(Dataset entries)
=-=-=

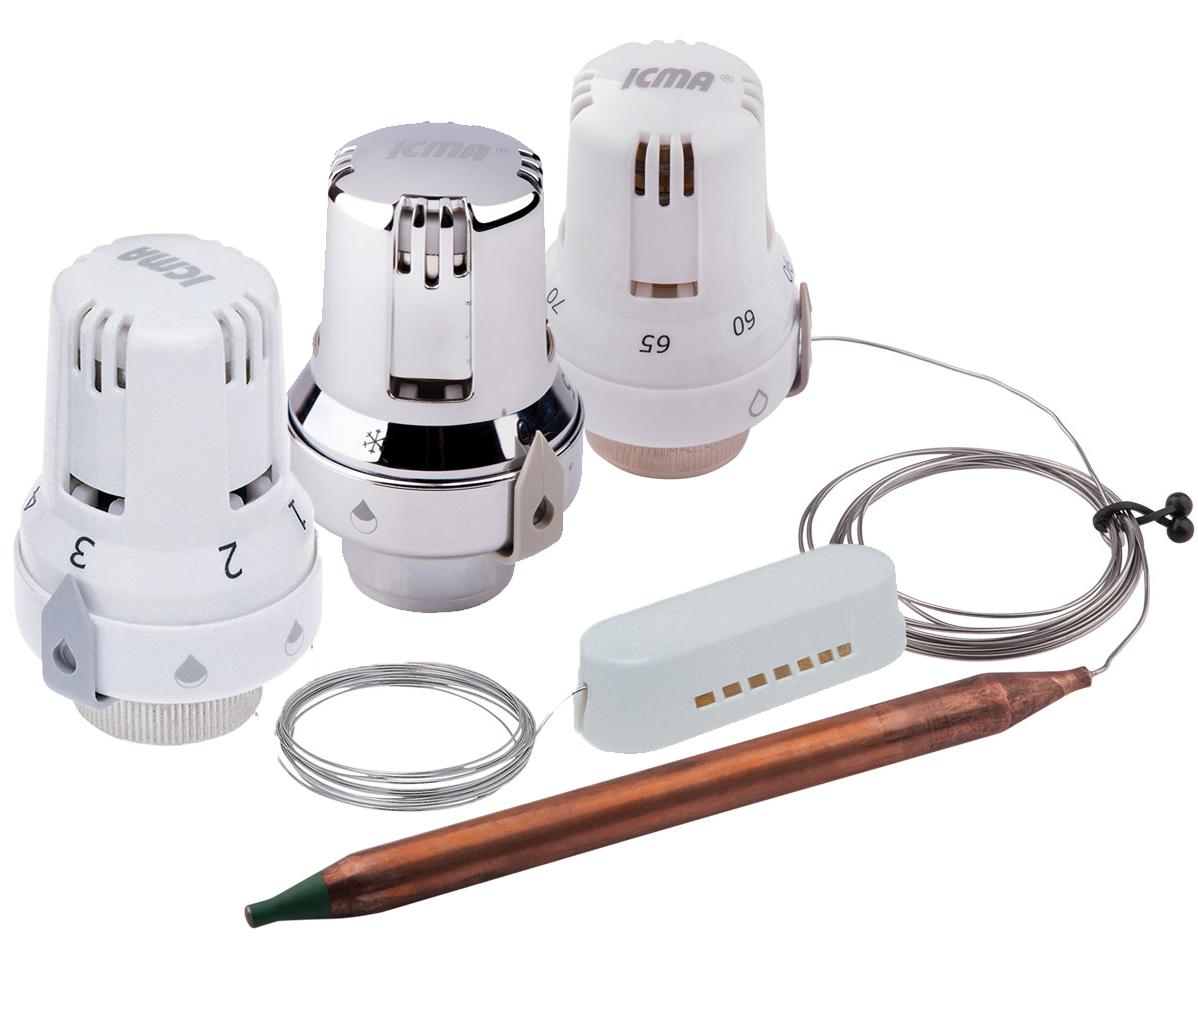 Термостатические головки, термоприводы и погружные гильзы
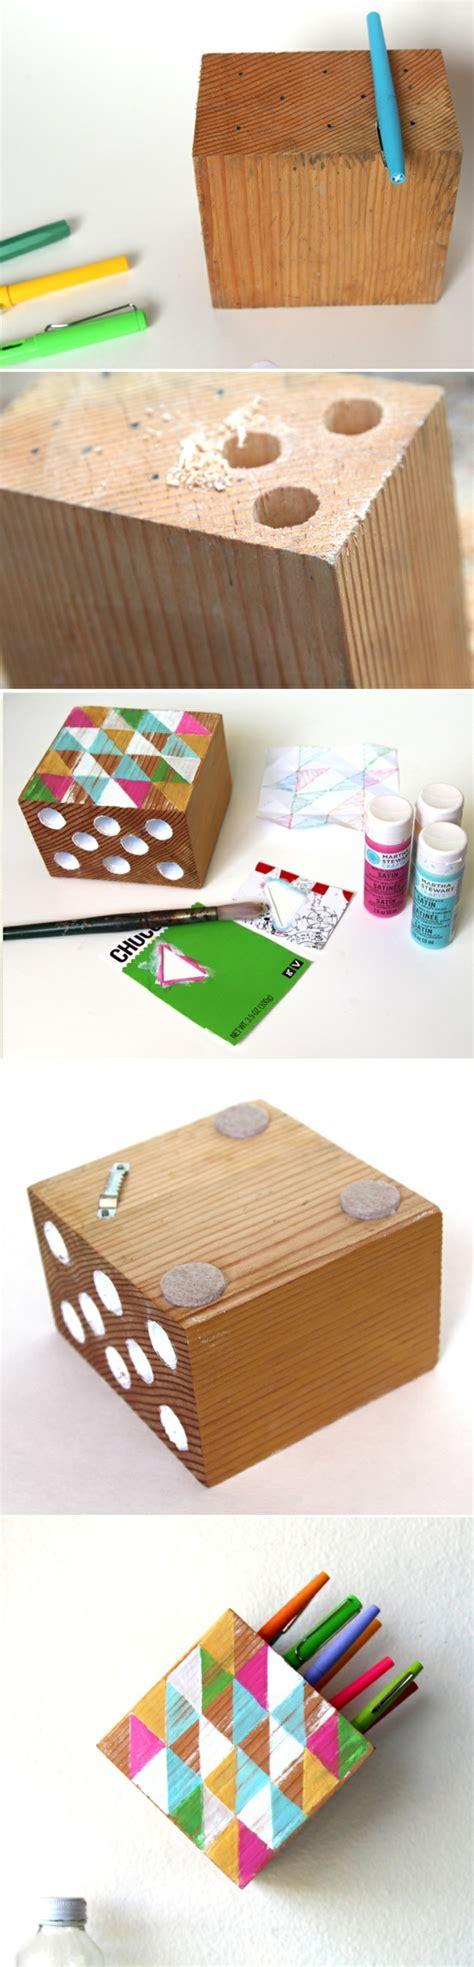 geschenke aus holz selber machen 1001 originelle und coole bastelideen zur inspiration
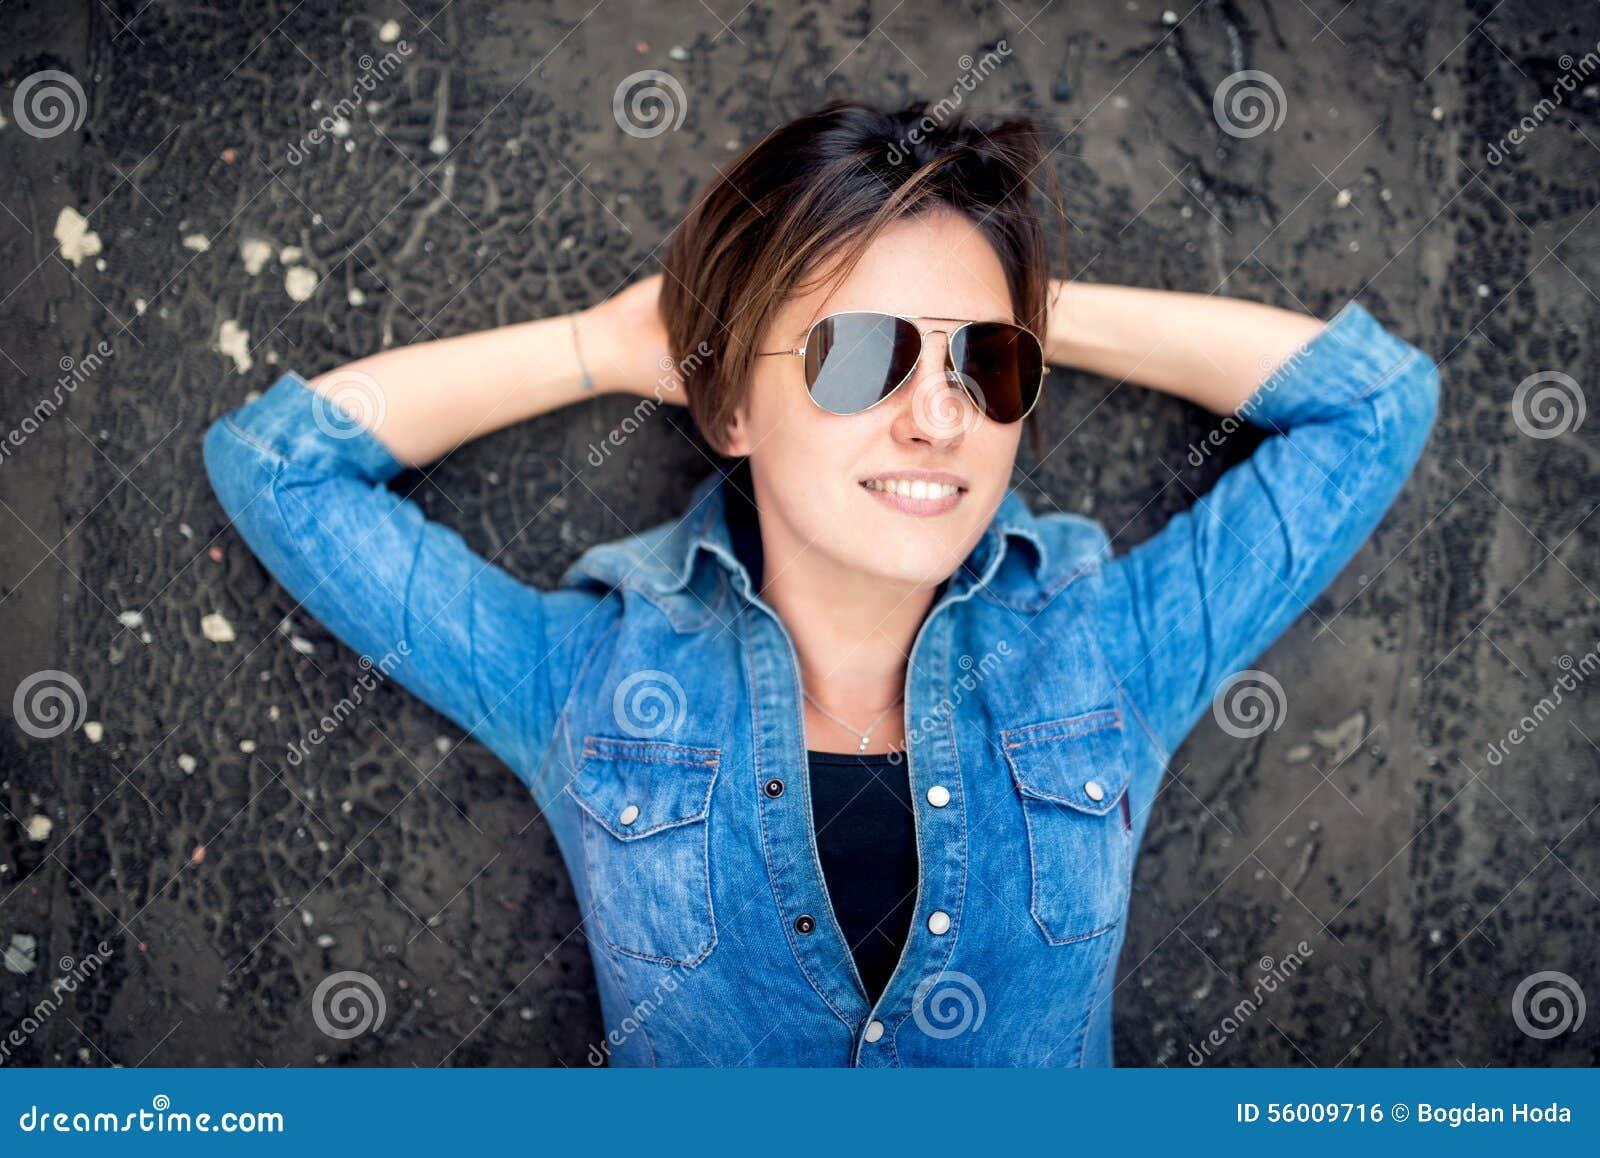 Che Ragazza Da E Ride Con In Occhiali Gli Sole SorrideAndante lJ1cTF3K
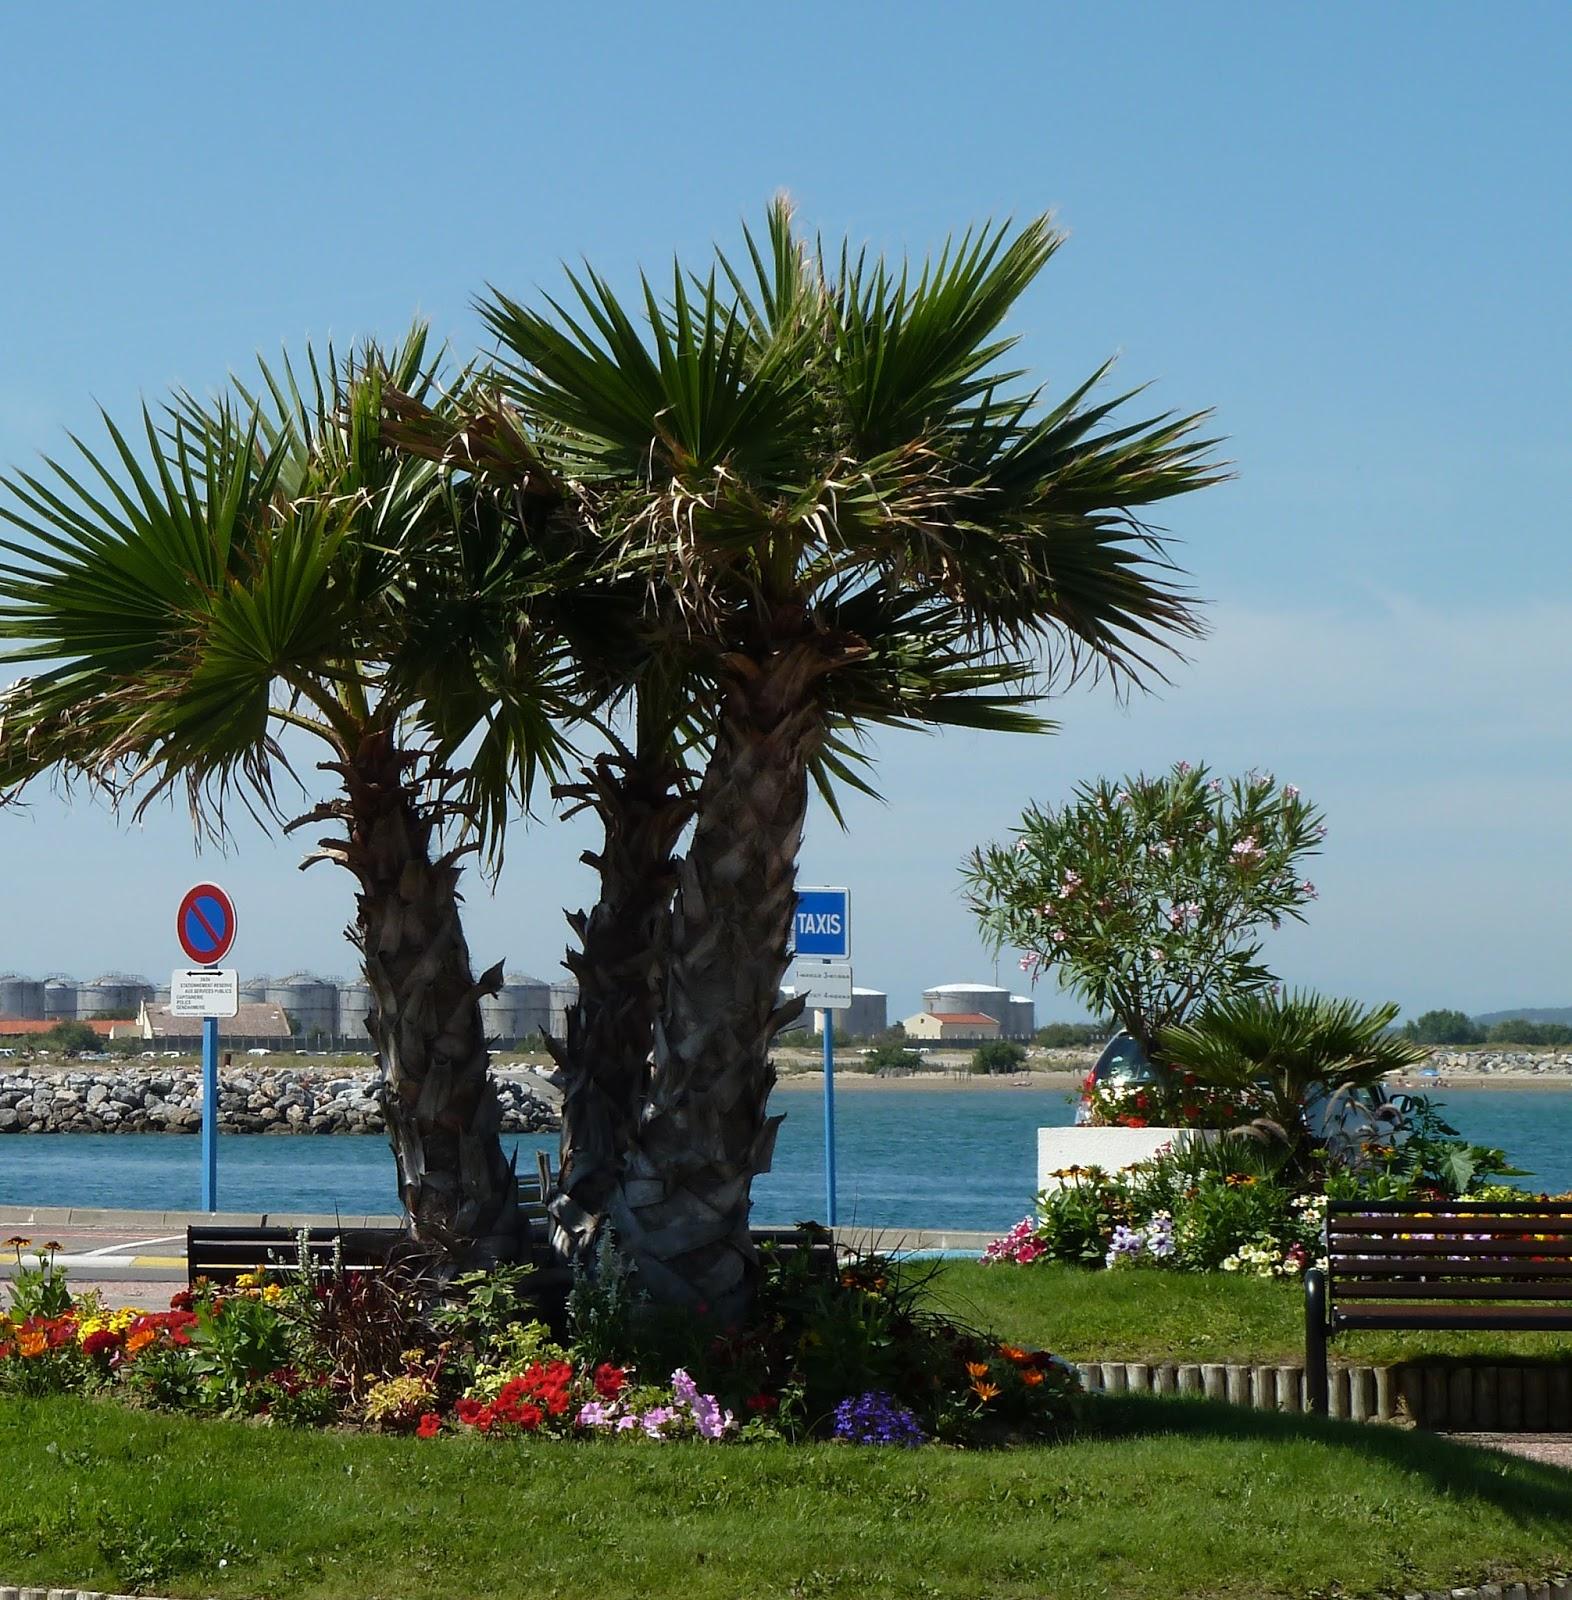 Traces de pastel exposition port la nouvelle - Office de tourisme port la nouvelle ...
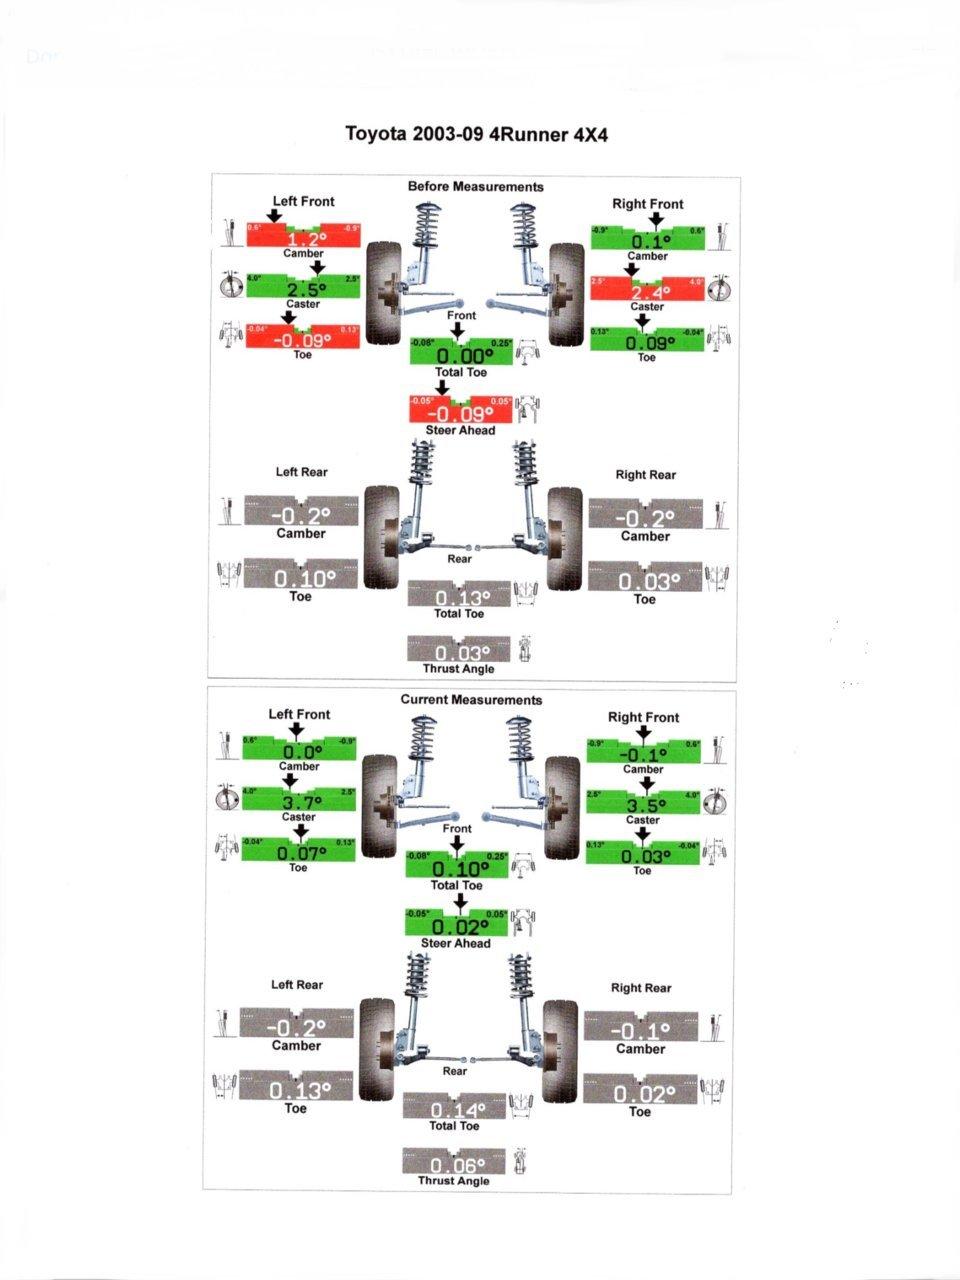 5A192961-6836-440B-A1C6-6B76364BDD6C.jpg

=-=-=

Task brief —
The entries above need to be output again in full, exactly, and without pictures.

Solution —
 Термостатические головки, термоприводы и погружные гильзы
 geschenke aus holz selber machen 1001 originelle und coole bastelideen zur inspiration
 Che Ragazza Da E Ride Con In Occhiali Gli Sole SorrideAndante lJ1cTF3K
 Traces de pastel exposition port la nouvelle - Office de tourisme port la nouvelle ...
 5A192961-6836-440B-A1C6-6B76364BDD6C.jpg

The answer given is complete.